The Beauty of Paradox and Balance
ON the painting's right panel, a room featuring a variety of odd maps, colorful cubes, spheres, and geometric forms opens up into the eternal space of the sky. On the horizon line, skyscrapers rise in the distance in perfect Renaissance perspective. A mysterious, enormous globe hovers at the outer limits of the room.
In contrast, the painting's left panel flattens space, and a wall with a map halts the viewer. It takes a while to see it, but everything about the painting speaks of the balance of opposites. Black and white, red and blue are archetypal complements. One panel is light, the other darker. One draws the viewer's eye into the foreground and present tense of the painting; the other into infinite space near and far. An astonishing variety of cubes and spheres call to one another. This painting, titled ``World Game,'' is all about paradox and balance.
In art, there are many kinds of balance.

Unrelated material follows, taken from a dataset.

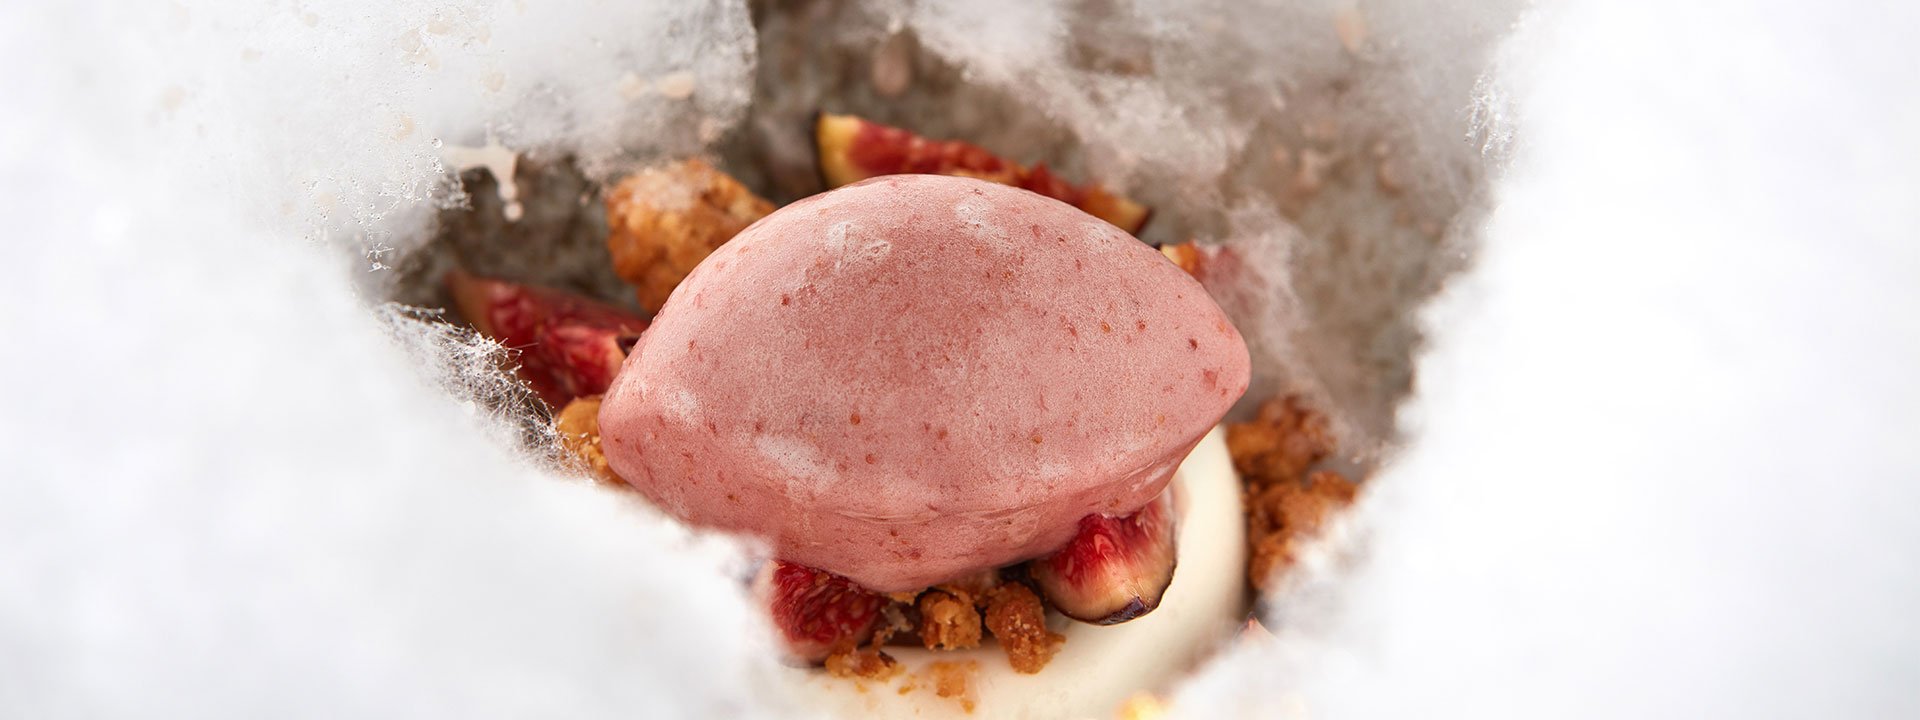 raspberry sorbet candyfloss with figs

Artist Clark Richert embraces the balance of symmetry with a singular devotion.
But the symmetry he seeks to create emerges from his experiments with the balance of opposites.
``World Game'' was inspired by the writings of Buckminster Fuller, who proposed that a computer-operated ``world game'' be played by representatives of every nation, who would solve the world's problems on an enormous sphere (shown in the center of the painting). In doing so, they might come to realize that humanity's problems are, in fact, solvable.
Mr. Richert is interested in the world. He studied science and math in high school, and was about to follow in the footsteps of his scientist brothers and sister, when he suddenly switched to art. Now the chairman of the Fine Arts Program at Rocky Mountain College of Art and Design in Denver, Richert says scientific theory is still an essential component of his work, but he realized early on that all scientific theory still fails to touch what he calls the ``c'' word - consciousness.
He speaks of 10-dimensional space, illustrates six-dimensional space in another painting, and still involves the ``golden mean'' or ``divine proportion'' of classical Greek art in much of his work, which he says, shows up with unexpected variety in nature and math. ``When the smaller part is to the larger part as the larger part is to the whole'' you have the golden mean, he says.
``Symmetry simplifies,'' says Richert. ``I like simplicity.... At one time, my whole concern was pattern and symmetry. Somewhere along the line, [the paintings seemed] too austere. So I decided I would try to think of symmetry in a different way. I decided if I was truly interested in the symmetrical, I had to balance the representational with the abstract, the constructive (the planned, deliberate, cerebral) with the spontaneous gesture of Expressionism, the objective or rational with the subjective or intuitive.''
He describes the sudden perception that intuition affords as the deep probe into nature, clarity unrestricted by self-doubt, the sense that one part leads to another in a confident and direct way.
``I now feel that when intuition is operating, then the best art is produced,'' he says.